I did not know Nora Miller. Yet despite this fact, this past week has been extremely difficult for me to concentrate on work I feel like I have been more personally affected by her death than Johanna’s two years ago. Suicide feels more personal than murder and although no student was also placed at risk by her death, it should make us all take a step back at our lives and our friends and think about what could’ve caused a person to take such a drastic step. When we first found out about Nora, there was little information dispersed. Over the course of the day, more information was leaked until we had a pretty good understanding of what had happened before the University was able to tell us her name.

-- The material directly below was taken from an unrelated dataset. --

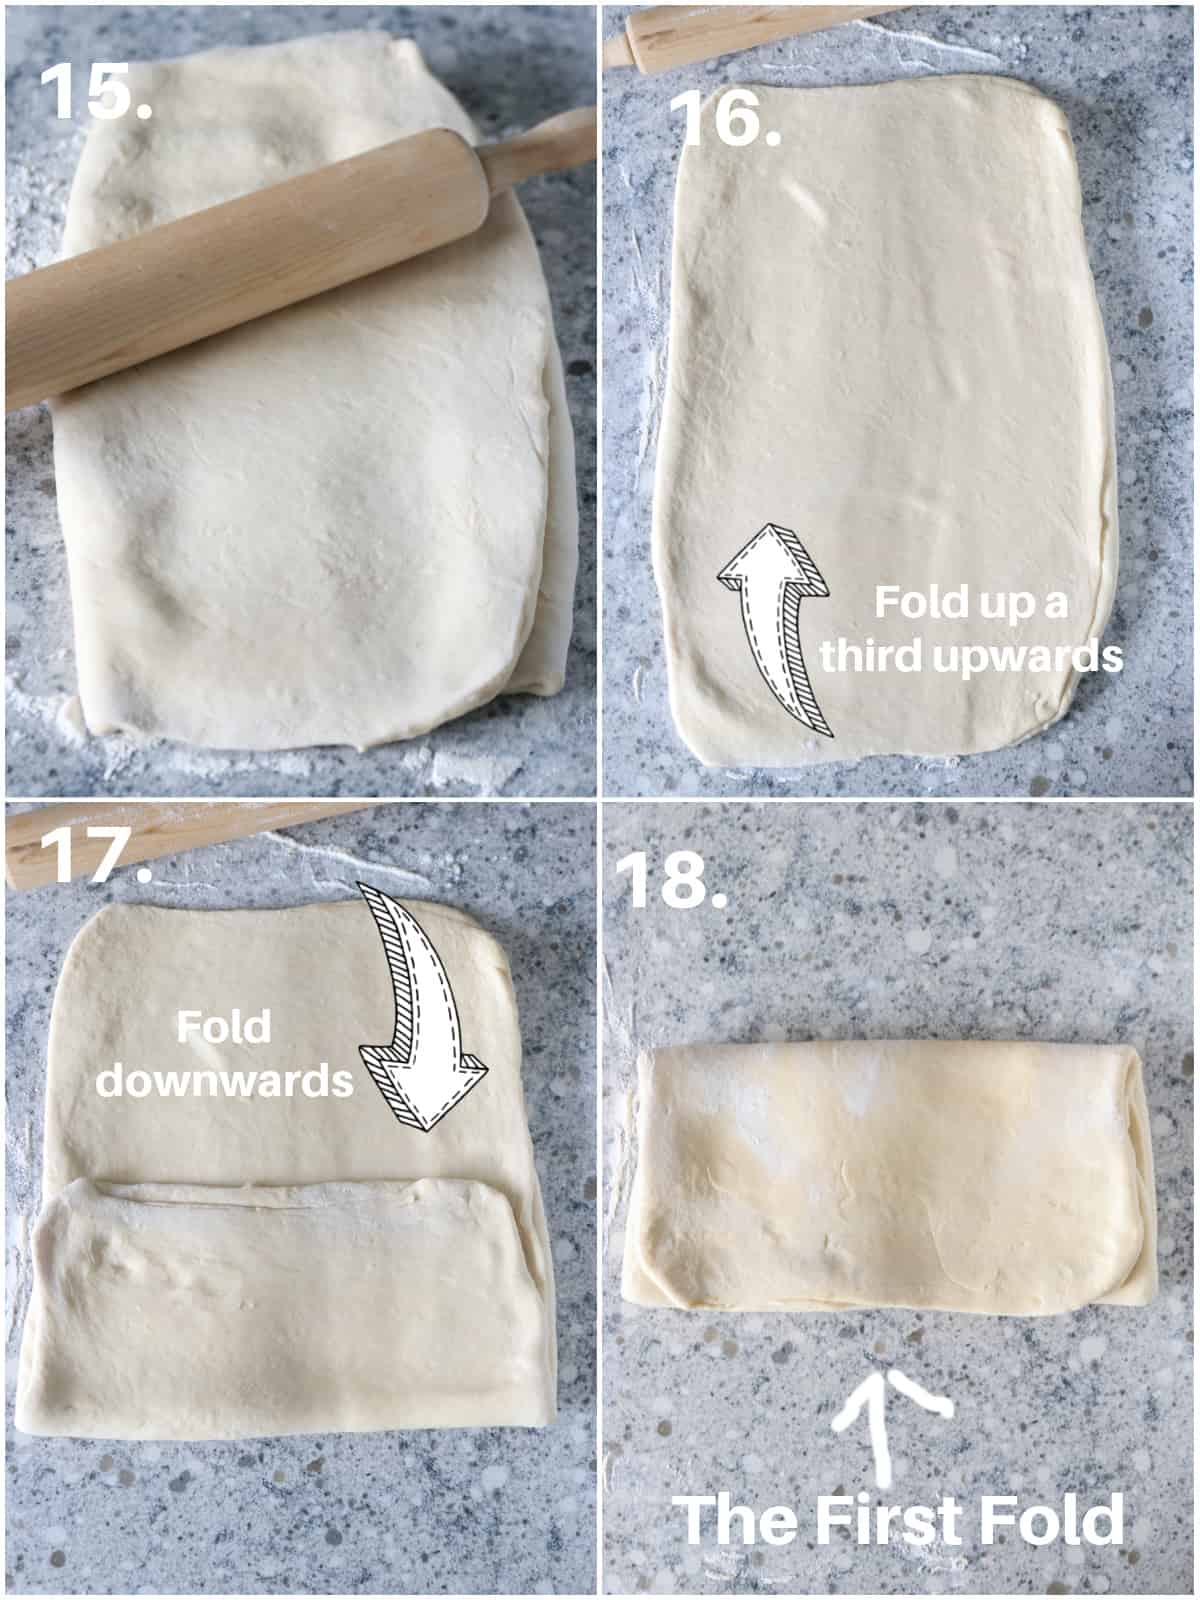 The collage for the first fold process of croissants.

Is suicide embarrassing for a university? Probably. But this does not mean that we should be so quick to move on from her death. After a brief email from President Roth and a moment of silence Tuesday night for those in mourning, it has been like the entire campus has moved on already. Classes have not stopped, homework has not been postponed, drop/add week has continued. The student body deserves a collective day of rest to be able to process what has happened and think about how we are all personally dealing with Nora’s death.. Instead, we have been forced to move on quickly and try to process things in the midst of all of our work. Is a suicide really so different from a murder that we are not able to all pause collectively for a day and reflect on Nora’s life and final choice?
Self-immolation is not a quiet act of suicide; it is clearly an intentional statement. I understand that the University had to respect the parent’s wishes to keep details about Nora and her death private, but when a suicide occurs in such a public way on campus property, it is the student body’s right to be able to mourn publically and to be given time to process and think about what has happened.